Thylacosmilus was an outlier. The carnivorous mammal, which lived in South America until its extinction about 3 million years ago, had huge canines that grew rootwards, eventually extending almost to the rear of the skull—earning it its popular name as the “marsupial sabertooth.” 

Perhaps more significantly, the skull shape required to accommodate these teeth caused its eyes to be wide-set, like those of horses and other herbivores, an unusual adaptation for a meat-eater that hunted prey.

The skulls of carnivores typically have forward-facing eye sockets, or orbits—think cats and dogs—which ensure stereoscopic (3D) vision, a useful adaptation for judging the position of prey before pouncing.

By contrast, the laterally facing orbits of Thylacosmilus, a member of Sparassodonta, a group related to living marsupials, did not allow visual fields to overlap sufficiently for the brain to integrate them in 3D.     

So how did this hypercarnivore maintain a diet estimated to have consisted of at least 70 percent meat? A team of researchers from the American Museum of Natural History and the Instituto Argentino de Nivología, Glaciología, y Ciencias Ambientales in Mendoza, Argentina, set out to find out. Their results are published today in the journal Communications Biology.

Lead author Charlène Gaillard, a Ph.D.-degree candidate at the Instituto Argentino de Nivología, Glaciología, y Ciencias Ambientales (INAGLIA), used CT scanning and 3D virtual reconstructions to assess orbital organization in a number of fossil and modern mammals and determine how the visual system of Thylacosmilus compared to those in other carnivores or other mammals in general.

“No room was available for the orbits in the usual carnivore position on the front of the face,” said Gaillard.

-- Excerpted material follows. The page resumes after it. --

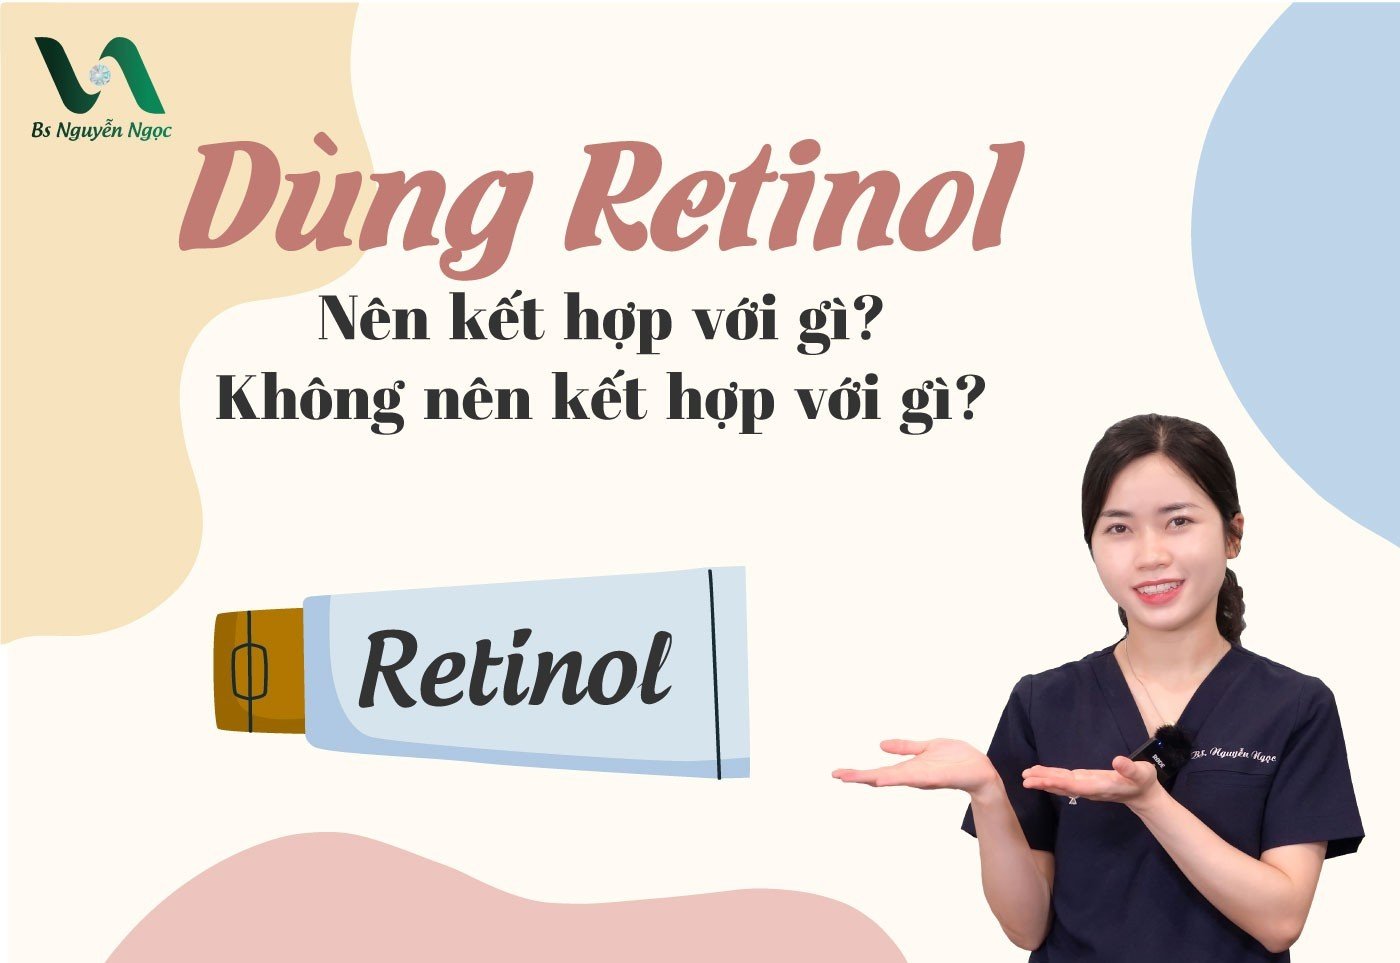 Dùng retinol kết hợp với gì? Không nên kết hợp với gì?

But good stereoscopic vision also relies on the degree of frontation, a measure of how the eyeballs are situated within the orbits, and here Thylacosmilus did an about-face.

"Thylacosmilus was able to compensate for having its eyes on the side of its head by sticking its orbits out somewhat and orienting them almost vertically, to increase visual field overlap as much as possible,” said co-author Analía M. Forasiepi, also at INAGLIA and a researcher in CONICET, the Argentinian science and research agency. “Even though its orbits were not favorably positioned for 3D vision, it could achieve about 70 percent of visual field overlap—evidently, enough to make it a successful active predator.”

Lateral displacement of the orbits was not the only cranial modification that Thylacosmilus developed to accommodate its canines while retaining other functions. Placing the eyes on the side of the skull brings them close to the temporal chewing muscles. To accommodate this, some mammals, including primates, have developed a bony structure that closes off the eye sockets from the side. Thylacosmilus did the same thing—another example of convergence among unrelated species.

“Compensation appears to be the key to understanding how the skull of Thylacosmilus was put together,” said co-author and Museum mammologist Ross D. E. MacPhee. “The odd orientation of the orbits in Thylacosmilus actually represents a morphological compromise between the primary function of the cranium, which is to hold and protect the brain and sense organs, and a collateral function unique to this species, which was to provide enough room for the development of the enormous canines.”

This leaves a final question: What purpose would have been served by developing huge, ever-growing teeth? 

“To look for clear-cut adaptive explanations in evolutionary biology is fun but largely futile,” says Forasiepi. “One thing is clear: Thylacosmilus was not a freak of nature, but in its time and place it managed, apparently quite admirably, to survive as an ambush predator. We may view it as an anomaly because it doesn’t fit within our preconceived categories of what a proper mammalian carnivore should look like, but evolution makes its own rules.”